Editorial
A win for pro-life centers
If you were in the market for a new car and went into a car dealership, would you expect to see a sign prominently displayed telling you that you might get a better deal elsewhere? Or if you were shopping for a mortgage in a bank, wouldn’t you be surprised to see a sign saying that lower rates were available across the street?
Businesses are usually not required to advertise for their competitors. Yet that’s what a California law was doing when it required pro-life pregnancy counseling centers to post signs in a prominent position advising clients that free or low-cost access to abortion and contraception was available elsewhere. The centers also had to state that they were not medical facilities.
The U.S. Supreme Court struck down this law on June 26 by a vote of 5-4, with Justice Anthony Kennedy siding with the four conservative justices: Chief Justice John Roberts, Clarence Thomas, Samuel Alito and Neil Gorsuch. (Kennedy announced his retirement from the court, effective on July 31, the following day.)
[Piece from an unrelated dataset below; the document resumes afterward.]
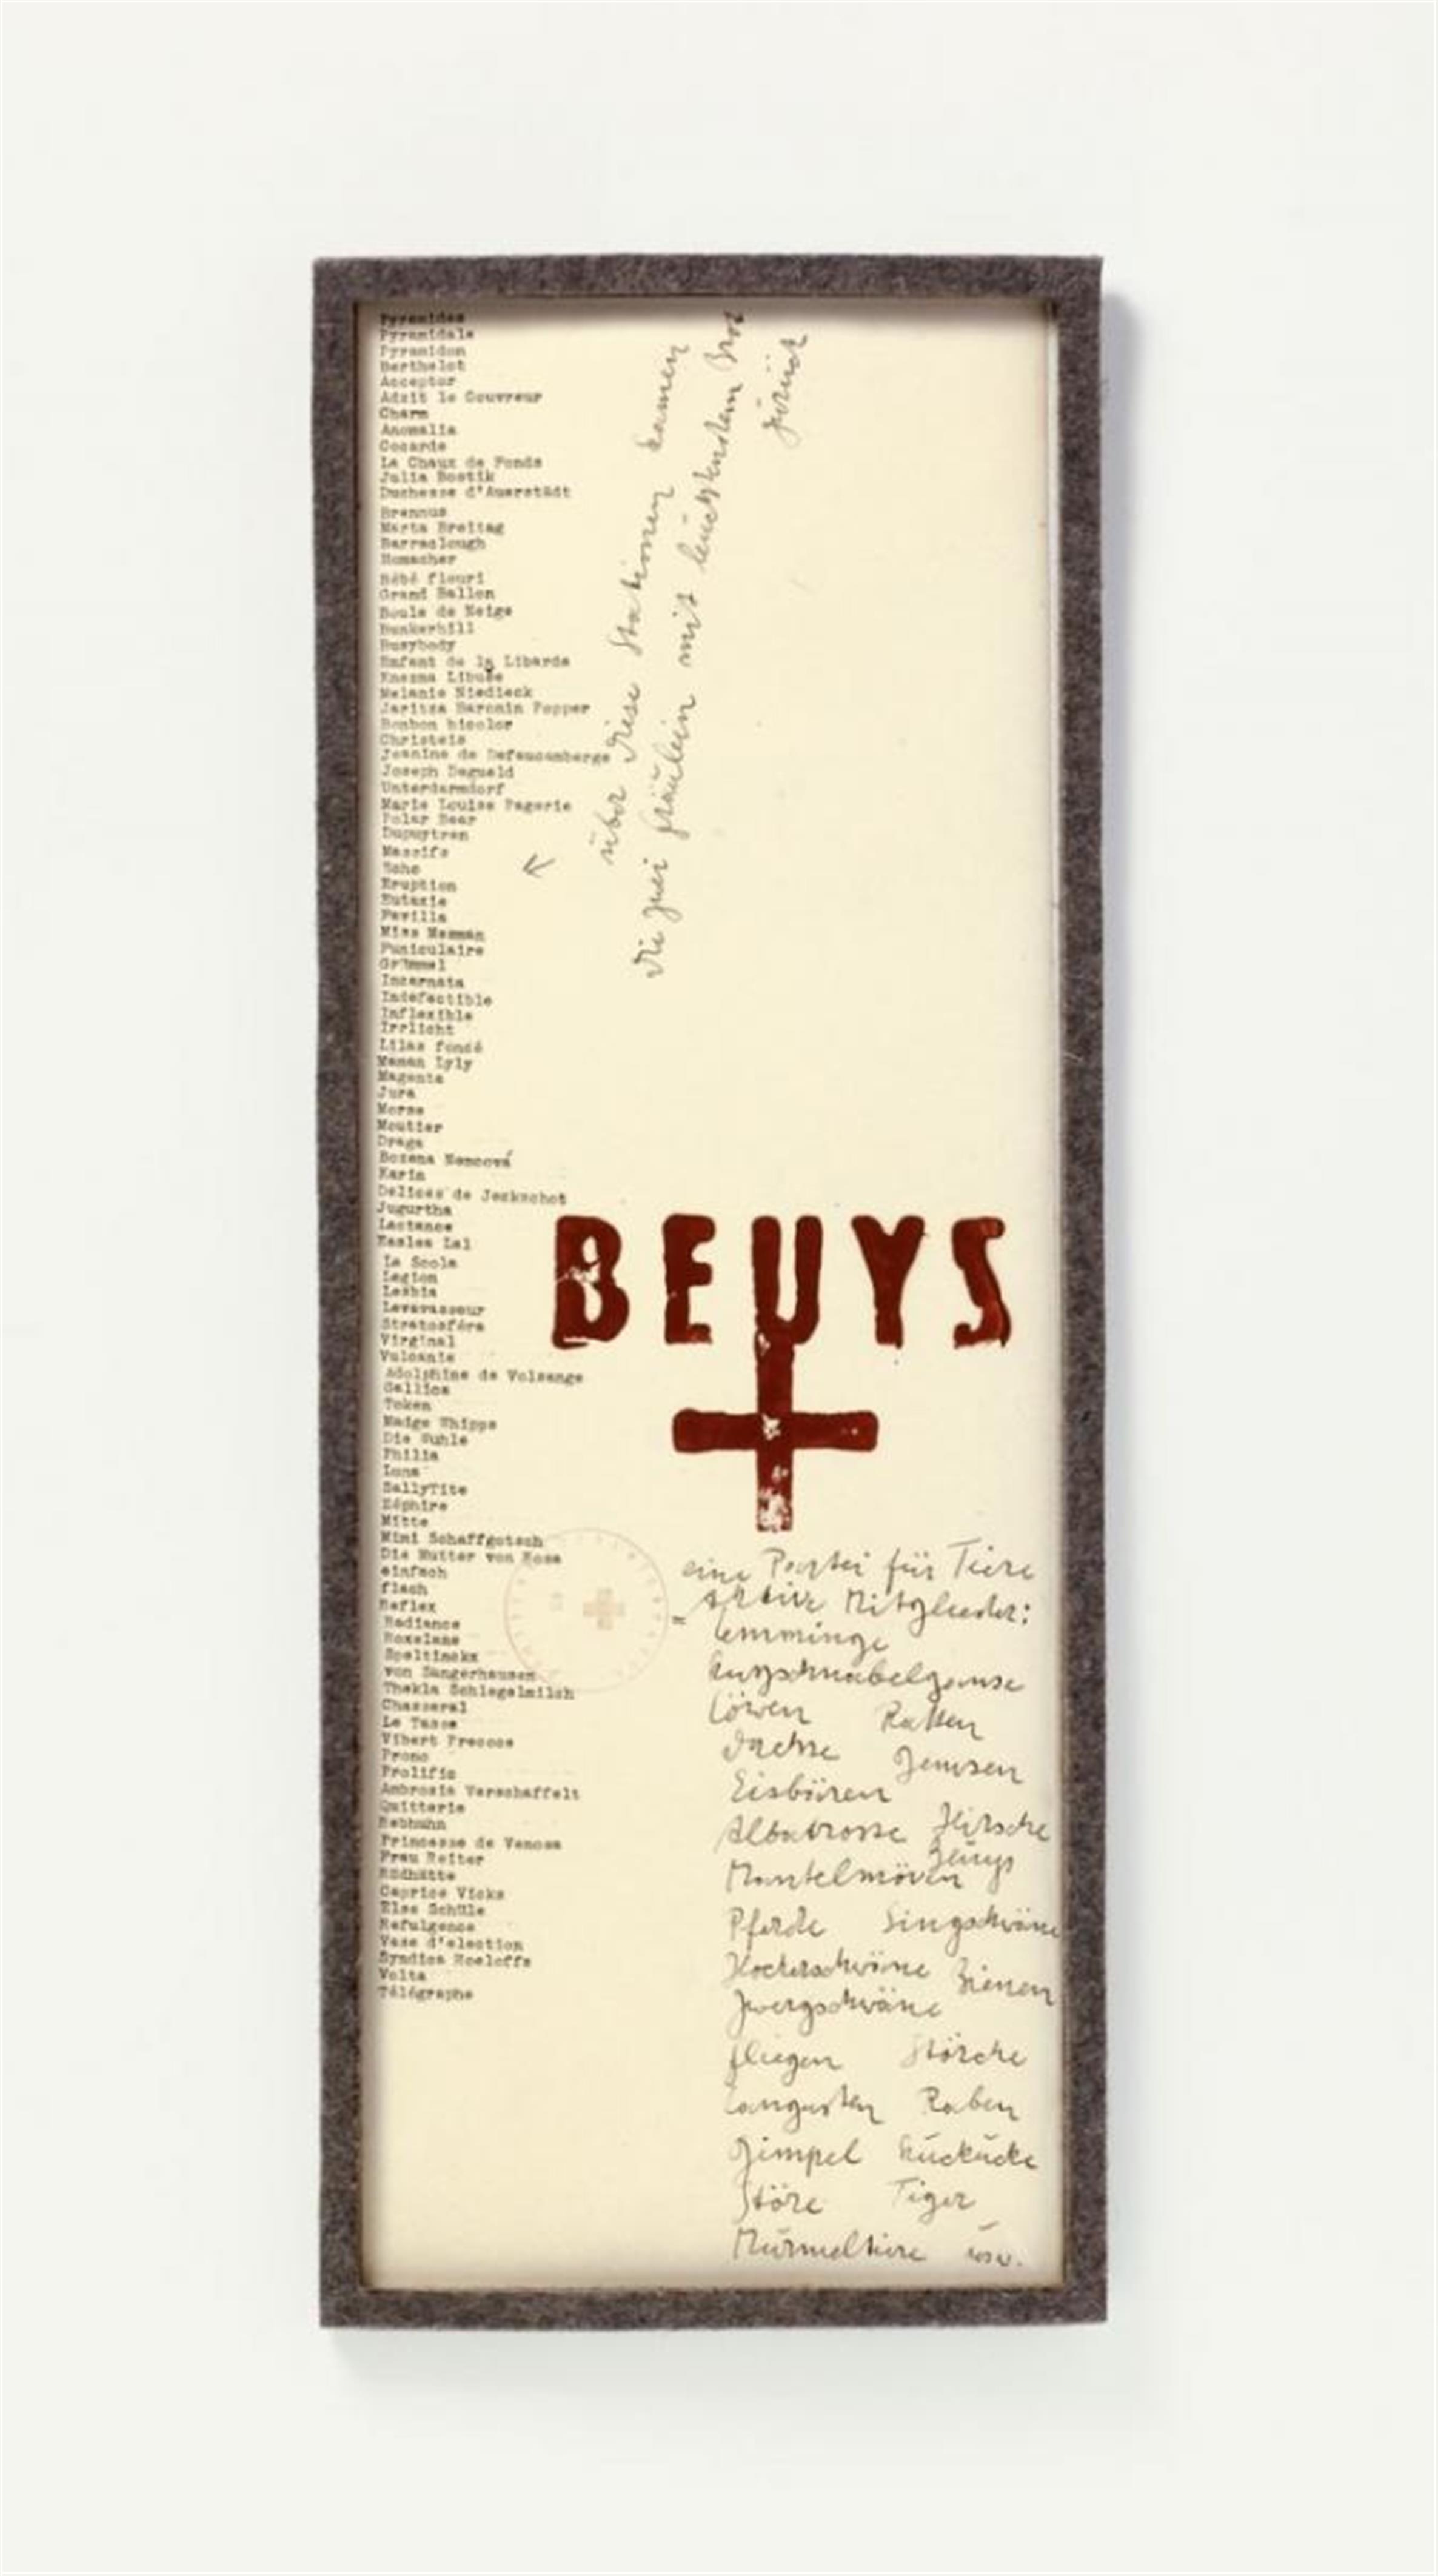 Joseph Beuys - Eine Partei für Tiere (A Party for Animals) - image-1

It’s a wonder that the court’s decision wasn’t unanimous considering how unfair the California law was. If a law was passed requiring a Buick dealer to post a notice that a customer might get a better deal at a Ford dealer, it probably would have been struck down unanimously. But the California law was about abortion, and those pregnancy counseling centers are trying to convince women not to have an abortion. So the anti-life forces were up in arms.
The fact that the California legislature was able to pass such a law in the first place shows where our country is today on the issue of abortion.
Justice Thomas wrote the majority opinion for the court. He condemned the idea that the pro-life centers were required to “provide a government-drafted script” about the availability of abortion—“the very practice that petitioners are devoted to opposing.” California can use other means to tell women about the availability of abortion, he wrote, but it “cannot coopt the licensed facilities to deliver its message for it.”
We should note that the decision wasn’t based on the immorality of abortion. It was, rather, a free-speech issue. Requiring the posting of those signs, Thomas wrote, “imposes an unduly burdensome disclosure requirement that will chill their protected speech.”
In a separate concurring opinion, Kennedy said that the California law was a classic example of “the serious threat presented when government seeks to impose its own message in the place of individual speech, thought and expression.”
He continued, “For here the state requires primarily pro-life centers to promote the state’s own preferred message advertising abortions. This compels individuals to contradict their most deeply held beliefs, beliefs grounded in basic philosophical, ethical or religious precepts, or all of these. And the history of the Act’s passage and its underinclusive application suggest a real possibility that these individuals were targeted because of their beliefs.”
We applaud the court’s decision.
—John F. Fink
Appointment of a new justice
Justice Anthony Kennedy’s retirement from the Supreme Court gave President Donald J. Trump an opportunity to nominate his second appointment to the court. He has appointed Judge Brett Kavanaugh, a Catholic who received a Jesuit education, who works with Catholic Charities in Washington, and who coaches his daughter’s Catholic Youth Organization basketball team.
Kennedy was the “swing” vote on the court, sometimes deciding with the conservatives and sometimes with the liberals. Therefore, Kavanaugh, a conservative, could change the complexion of the court for decades. It’s no wonder that liberals are fighting to try to prevent the Senate from confirming Kavanaugh.
Conservatives are already looking ahead, hoping that a court composed of five conservatives and four liberals will reverse the Roe v. Wade decision that legalized abortion. It was precisely because of this possibility that many Americans voted for Trump despite disagreeing with him on other issues.
A note of caution here: The history of the Supreme Court is full of examples of justices who turned out differently than expected when presidents nominated them.
Note, too, that a vote to reverse
Roe v. Wade would not make abortion illegal. It would send the issue back to the states.